Effect of the Moratorium

The company does not have to pay debts incurred prior to the commencement of the Moratorium and which have fallen or will fall due for payment before or during it. But it does have to pay debts incurred while it is in force and as they become due. Specifically, it must pay:

  • the Monitor’s fees and expenses
  • for goods or services supplied to the company during the Moratorium
  • rent in respect of any period during the Moratorium
  • wages or salary under a contract of employment
  • redundancy payments

It must also settle debts or other liabilities arising under a ‘contract or other instrument involving financial services’, which includes amounts due under finance agreements.

No formal insolvency proceeding can be brought against the company, except where they are initiated by the directors.

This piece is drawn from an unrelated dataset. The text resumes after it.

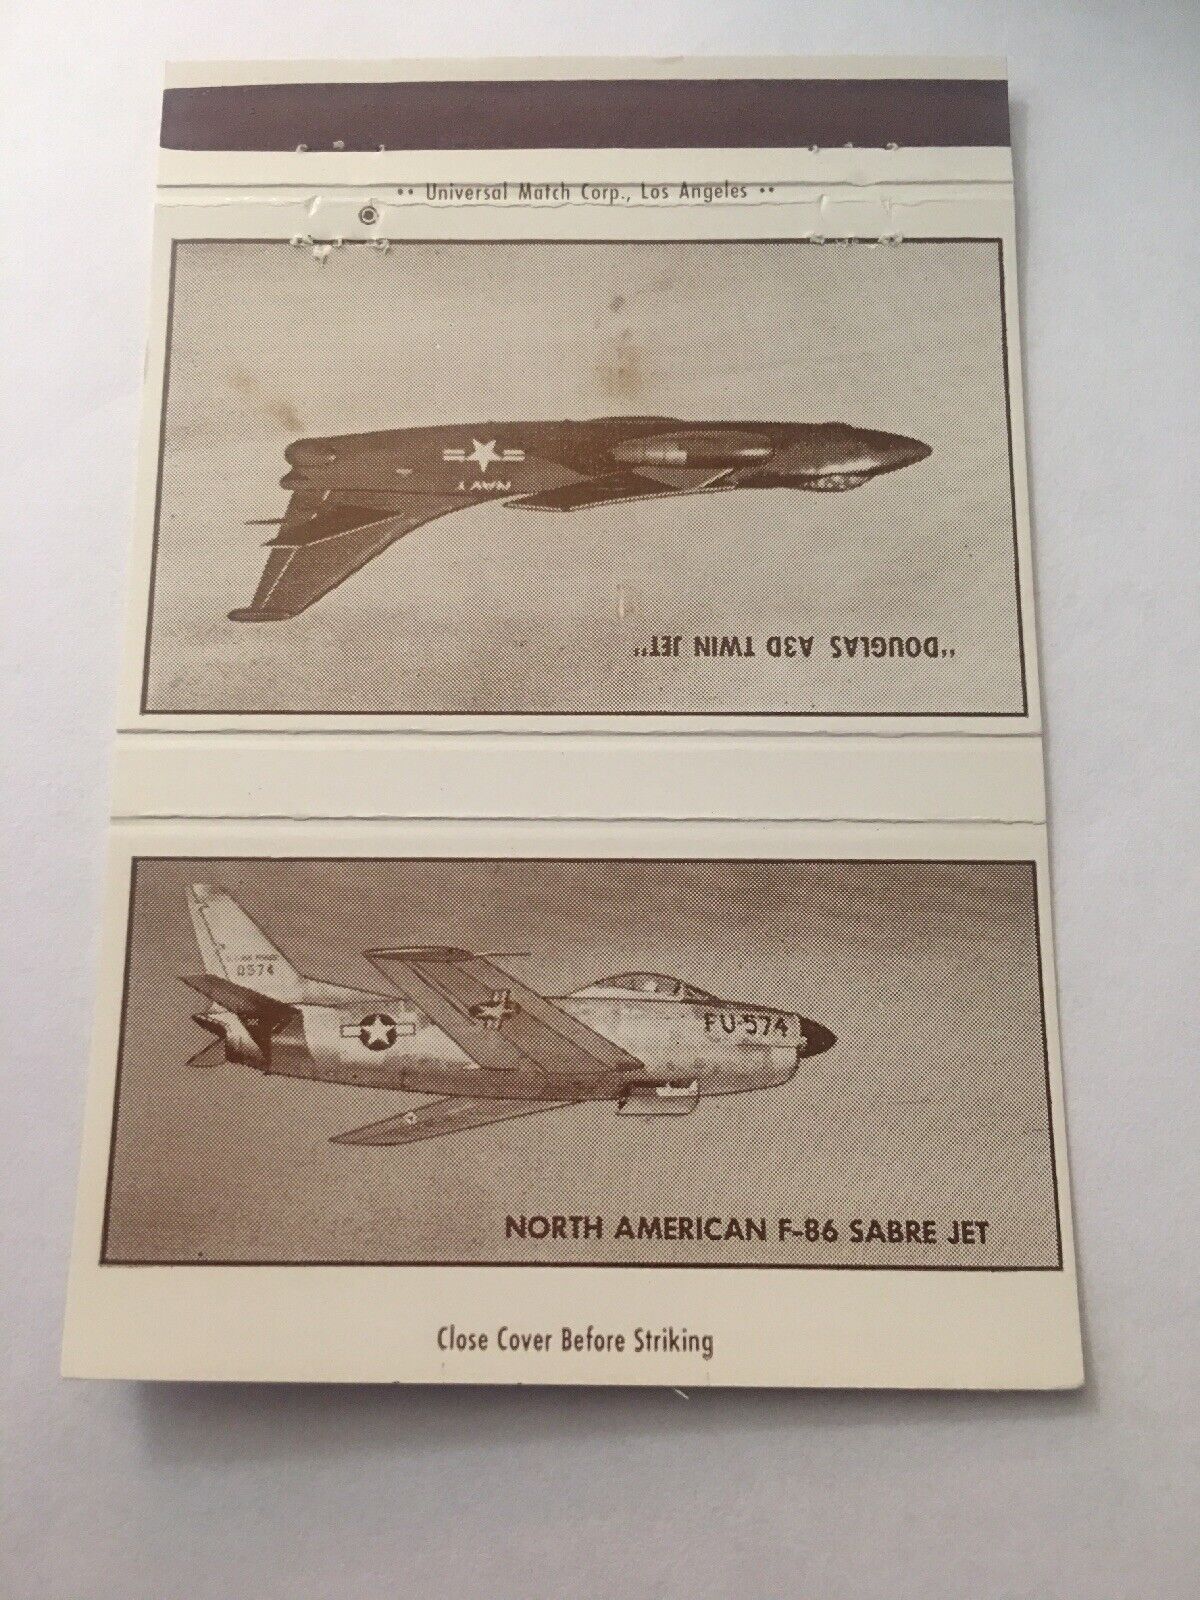 Vintage Matchbook Cover Matchcover Aircraft F-86 Sabre Jet & A3D Bomber

Enforcement or legal action against the company and its assets is heavily restricted, including the suspension of enforcement of security without the permission of the Court, rights of forfeiture and repossession of goods in the company’s possession under hire-purchase contracts.

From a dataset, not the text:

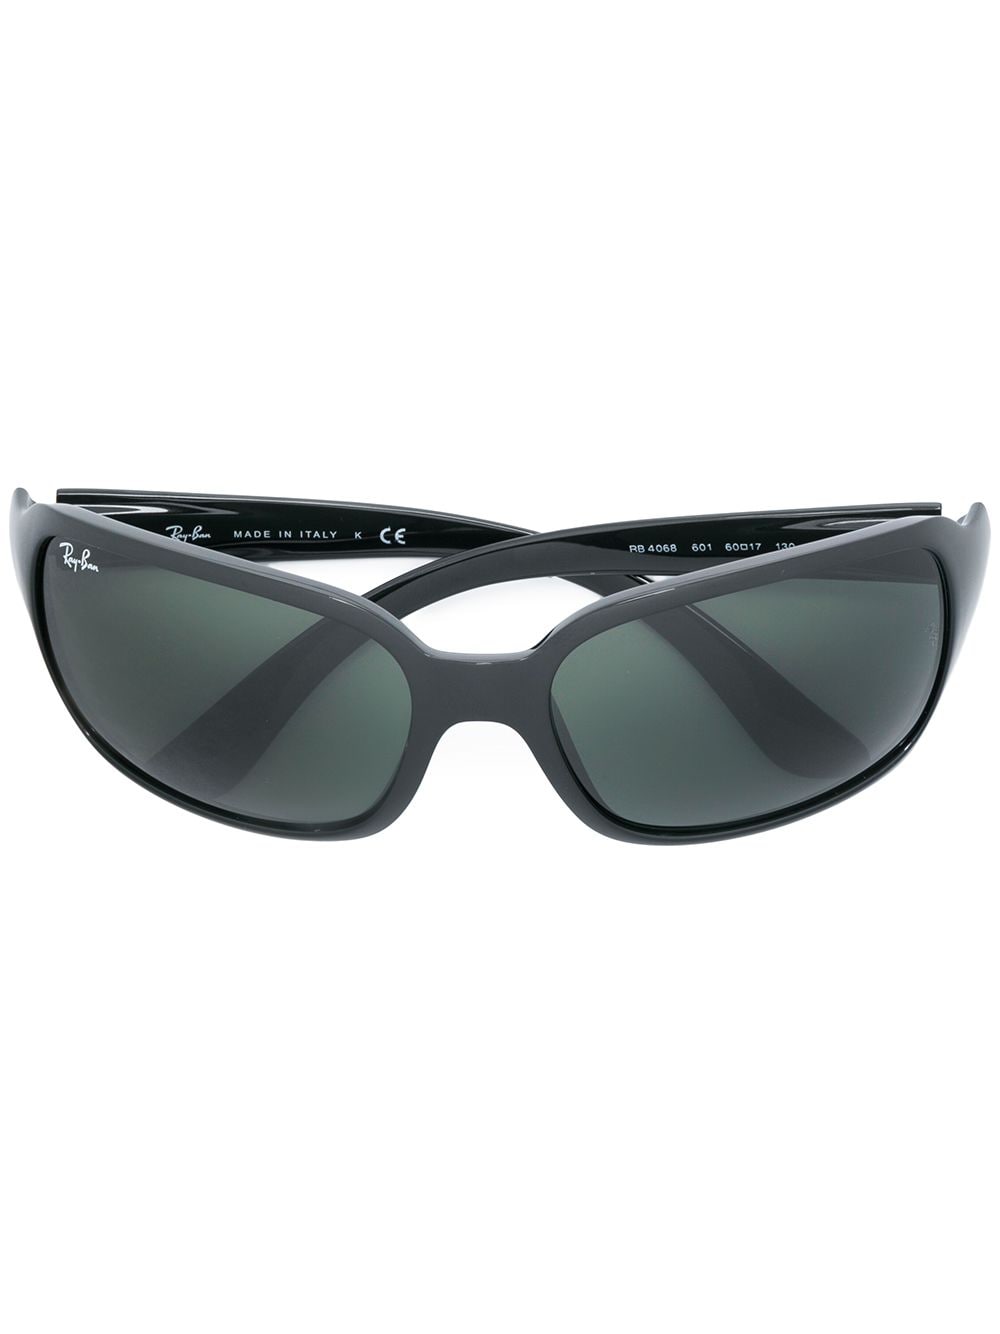 Ray-Ban rectangular shaped sunglasses - Black von Ray-Ban

Some of the rights of floating charge holders are suspended; crucially, the lender cannot crystallise a floating charge by giving notice and any provision in a floating charge which restricts the sale of assets cannot be imposed on the company.

There is some protection for those dealing with the company. The fact that a Moratorium is in place must be publicised, there are limits on the amount of credit the company is able to obtain and there are restrictions on the granting of further security over its assets.

Commencement and duration

Obtaining a Moratorium is a process very much like the start of an Administration; a set of simple documents (including the Monitor’s consent to act) is filed in Court without notice to creditors or other stakeholders. It ends 20 business days after it takes effect, unless it is extended by the directors filing a notice and certain supporting documentation at the Court at any time after the 15th business day after the Moratorium first took effect. Once these papers have been filed, the Moratorium is automatically extended for a further 20 business days, once more without prior notice to creditors.  Alternatively or in addition, the Moratorium can be extended further with the consent of creditors or the consent of the Court.

Which companies qualify for a Moratorium?

All companies are eligible, including some foreign entities. There are some exclusions, predominantly in the insurance and finance sectors. However, the procedure cannot be used by any companies, which have been subject to a Moratorium or an insolvency procedure in the preceding 12 months.

Can the Moratorium be challenged?

Only on the grounds that the eligibility criteria have not been met or that its continuation will result in unfair harm to the applicant’s interests.